The most frequently used evaluation metrics in the prediction models is accuracy (RQ3). Accuracy represents the proportion of correctly predicted instances out of the total number of instances. While it provides a straightforward and easily interpretable assessment of model performance, it may not always be the most suitable metric, particularly with imbalanced or multiclass datasets (Ranawana & Palade, 2006; Wilson, 2001). Consequently, alternative evaluation metrics are also often employed to complement the prediction performance assessment, such as Recall as the second most frequently used evaluation metric, Precision, F1-Measure, time, AUC, RMSE, MAE, time, Matthews Correlation Coefficient, specificity, Kappa, hit ratio, negative predicted values (NPV), and log-loss.

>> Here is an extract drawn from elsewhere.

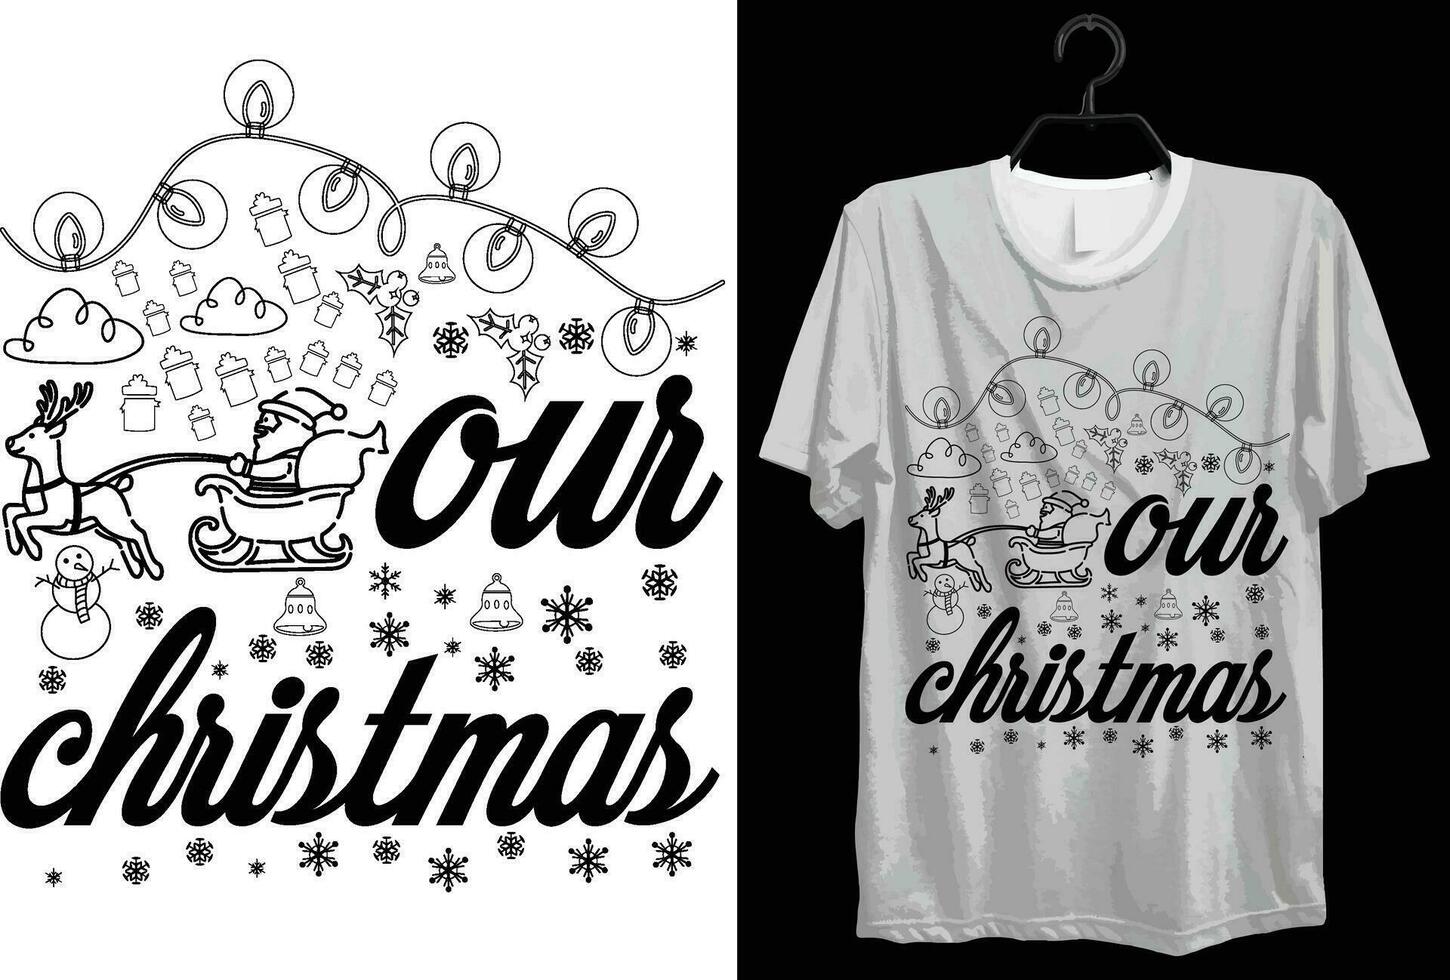 Our Christmas. Funny Gift Item Merry Christmas T-shirt Design For Christmas Lovers. vector

Several limitations were observed across the studies reviewed in this systematic analysis. One of them was the issue of insufficient sample size (ElSharkawy et al., 2022; Guleria & Sood, 2023; José-García et al., 2022; Y. Wang et al., 2022; Yeung & Yeung, 2019). This limitation can potentially hinder the robustness and generalizability of the findings, pointing the importance of adequate sample representation for accurate predictions. Moreover, a prevalent challenge identified was the restricted number of features considered as predictors (Guleria & Sood, 2023; Maaliw et al., 2022; Mandalapu & Gong, 2019; Saidani et al., 2022; Yang & Chang, 2023). While many studies exhibited commendable efforts in utilizing available data, the omission of potentially influential variables may lead to an incomplete understanding of the complex interplay between various factors influencing career trajectories. Thus, it is imperative for future research endeavors to comprehensively evaluate and incorporate a broader array of features to enhance the accuracy and effectiveness of career prediction models.
4.1 Limitations
This study, like any other literature review, is limited by the search terms used. To overcome this limitation, we used synonymous and interchangeable phrases as well as performed an additional search within various journals. However, it is probable that some relevant works did not match our search criteria.